NASA Teams up with TACC to Simulate Space Junk
While debris might seem innocuous enough to those grounded on Earth, even pebble-sized junk in orbit poses a serious problem. While you may imagine abandoned screws and bolts floating serenely past the windows of the International Space Station, the reality is that these objects are actually racing along at up to 33,500 miles per hour—about ten times faster than a speeding bullet.
At that speed, even dust is enough to rip insulation from a ship or throw it off course if it’s able to accumulate into dust clouds.
And unfortunately there’s no shortage of space junk surrounding our planet, because just about every time we launch into orbit, we leave something behind—whether it’s fragments of aluminum, nylon, or even liquid sodium from Russian satellites. According to NASA, that debris adds up to more than 21,000 pieces of ‘space junk’ larger than a baseball with an additional 500,000 golf ball-sized pieces filling in the gaps.
Yes, space is vast, and there is by no means a barricade of junk separating Earth from the rest of space. And our spacecraft have been designed to withstand the impact of small objects. But as Eric Fahrenthold, professor of mechanical engineering at The University of Texas at Austin, explains, this problem calls for some serious research, and some serious compute power.
“If a spacecraft is hit by orbital debris it may damage the thermal protection system,” said Fahrenthold. “Even if the impact is not on the main heat shield, it may still adversely affect the spacecraft. The thermal researchers take the results of impact research and assess the effect of a certain impact crater depth and volume on the survivability of a spacecraft during reentry.”
As you might guess, only a small number of collisions that occur in orbit can be accurately simulated in an Earth-bound laboratory, because the objects are too large, small, dangerous or fast to reproduce. Instead, NASA has turned to running simulations on the Ranger, Lonestar and Stampede supercomputers at the Texas Advanced Computing Center, where Fahrenthold and his students have been working to establish ballistic limit curves that predict at what size and speed a piece of debris will break through a spacecraft’s shielding.

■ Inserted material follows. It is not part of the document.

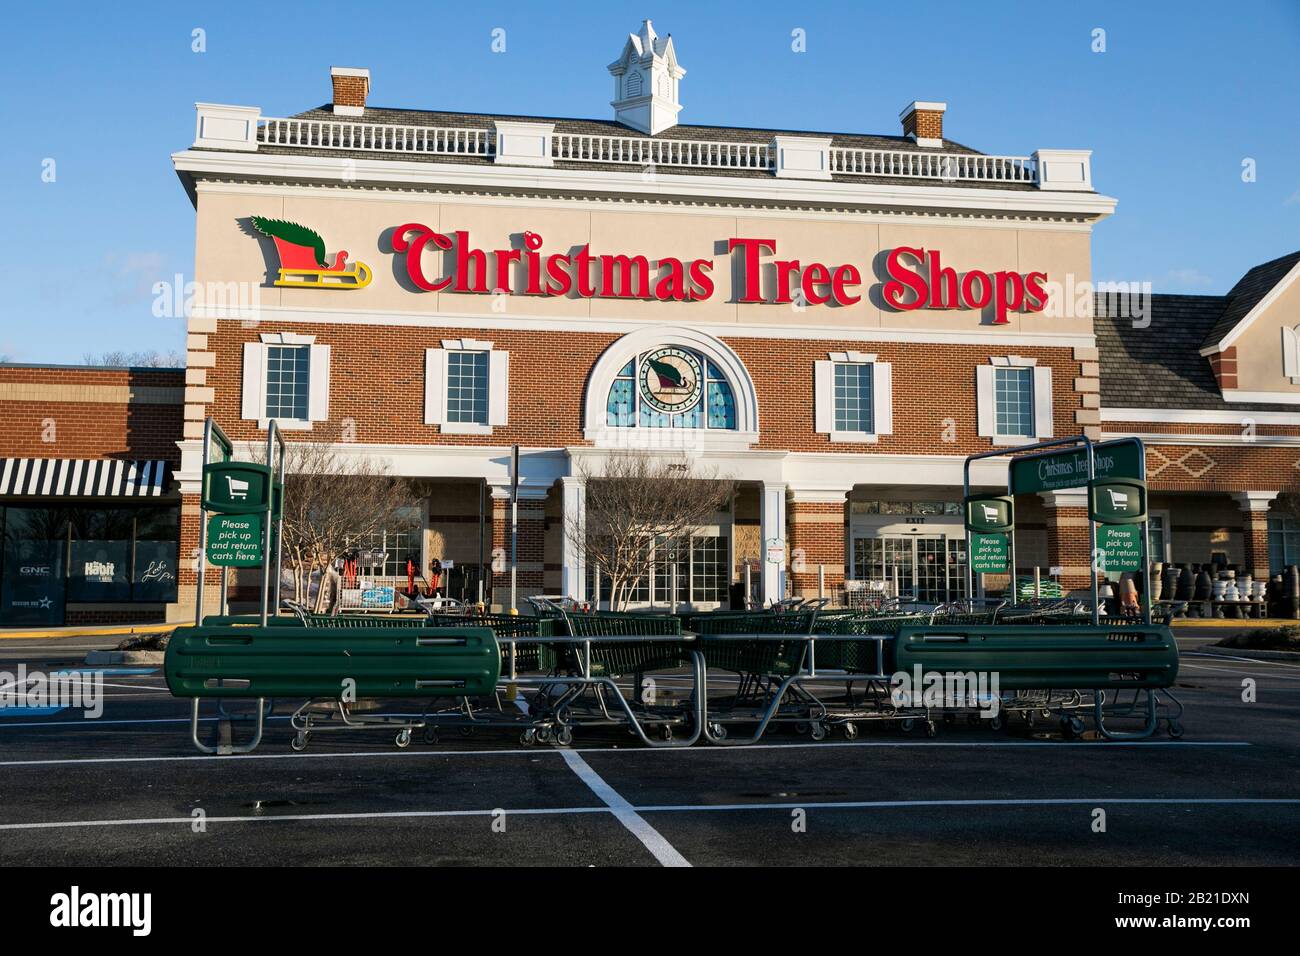 Un logo à l'extérieur d'un magasin de vente au détail de Christmas Tree Shops à Waldorf, dans le Maryland, le 27 février 2020. Banque D'Images

The simulations were able to model both how the projectile would break apart on impact, as well as the thermal and mechanical loads that the target surface would experience on impact. This means that after researchers provide information about the material’s strength, flexibility and thermal properties, the supercomputers are capable of capturing the cascade of events that unfold as layers of fabric fray, capturing some of the projectile’s fragments while giving way to others.
The work was then tested against NASA’s real-world testing, which involved light gas guns launching centimeter-sized projectiles at 10 kilometers per second. For a comparison, the space junk in orbit travels anywhere from 5 to 15 kilometers per second, on average.
“We validate our method in the velocity regime where experiments can be performed, then we run simulations at higher velocities, to estimate what we think will happen at higher velocities,” Fahrenthold explained. “There are certain things you can do in simulation and certain things you can do in experiment. When they work together, that’s a big advantage for the design engineer.”
The team presented their results at the April 2013 American Institute for Aeronautics and Astranautics’ meeting, which were later published in Smart Materials and Structures and International Journal for Numerical Methods of Engineering. There, they detailed how variations in speed, impact angle, and size of the debris would affect the depth of the crater it would produce in ceramic tile thermal protection systems.
But this won’t be the only application to benefit from Fahrenthold’s research. With the help of Moss Shimek, a graduate student, Fahrenthold have stretched the research to study the impact of projectiles on body armor as well. This extension of the team’s research was made possible because body armor uses many of the same materials used for orbital debris protection in space, like Kevlar. What they found is that more flexible weaves can increase protection offered by body armor.
“Currently body armor normally uses the plain weave, but research has shown that different weaves that are more flexible might be better, for example in extremity protection,” Shimek said.
“Future body armor designs may vary the weave type through a Kevlar stack,” Shimek said. “Maybe one weave type is better at dealing with small fragments, while others perform better for larger fragments. Our results suggest that you can use simulation to assist the designer in developing a fragment barrier which can capitalize on those differences.”
While these outcomes had to be verified by experiments in the lab, Farhenthold said that supercomputer-enabled simulations ultimately led to faster, cheaper research, whose findings could expand beyond the range of what’s possible in the lab.
“We are trying to make fundamental improvements in numerical algorithms, and validate those algorithms against experiment,” Fahrenthold concluded. “This can provide improved tools for engineering design, and allow simulation-based research to contribute in areas where experiments are very difficult to do or very expensive.”